Regional mall real estate investment trust GGP Inc. disclosed certain no-shop and termination fee provisions in its merger deal with Goldfinch Merger Sub Corp., a unit of Brookfield Property Partners LP.
Under the no-shop provision, GGP may not solicit any transaction that would lead to an acquisition of more than 20% of the company or its assets. Prior to shareholder approval of the deal, however, GGP's special board committee may consider any unsolicited, bona fide proposal that it deems to be superior to the merger deal. The superior proposal is deemed to be a proposal for an acquisition of at least 50% of the REIT or its assets.
The deal also provides GGP with the right to terminate the deal under certain conditions, whereupon GGP would be required to pay Brookfield Property or its affiliate a $400 million cash termination fee. The termination rights apply if GGP enters into a definitive deal regarding the superior proposal, if the company's board or special committee changes its recommendations, if the required shareholder approval is not obtained, if the deal is not consummated by Sept. 26 and if GGP materially breaches certain of the merger deal's covenants.
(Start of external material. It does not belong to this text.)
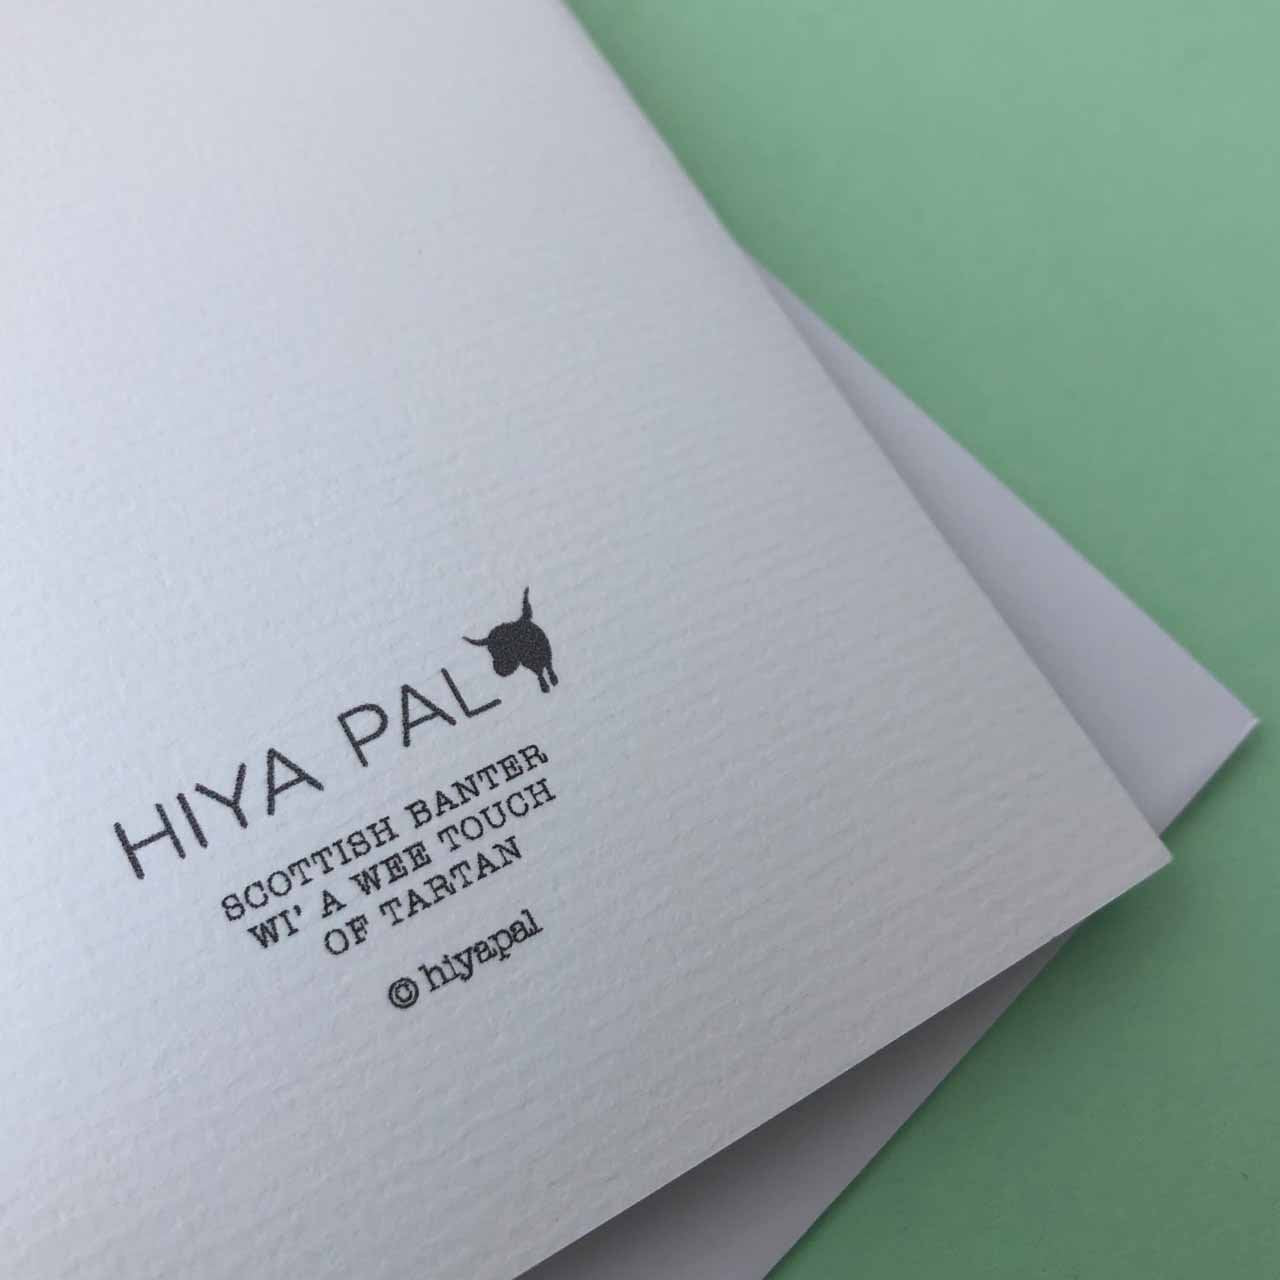 'Ya Wee Star' Handmade Scottish Cards Made in Scotland by Hiya Pal

Accordingly, Brookfield Property may terminate the deal and pay GGP a reverse cash termination fee of $1.2 billion if it or Goldfinch fails to consummate the deal when required and if the parent unit holder consent is not obtained. GGP, however, may elect to reject such fee and preserve its rights to pursue other remedies in conjunction with the merger deal.
Brookfield Property recently agreed to buy out all outstanding common shares it and its affiliates do not already own in GGP. Under the terms of the deal, Goldfinch will merge with GGP, with the latter as the surviving entity. GGP shareholders may opt to receive $23.50 per share in cash, or one Brookfield Property unit or one share of a new BPY U.S. REIT security for each GGP common share they own, subject to proration, based on total cash consideration of $9.25 billion.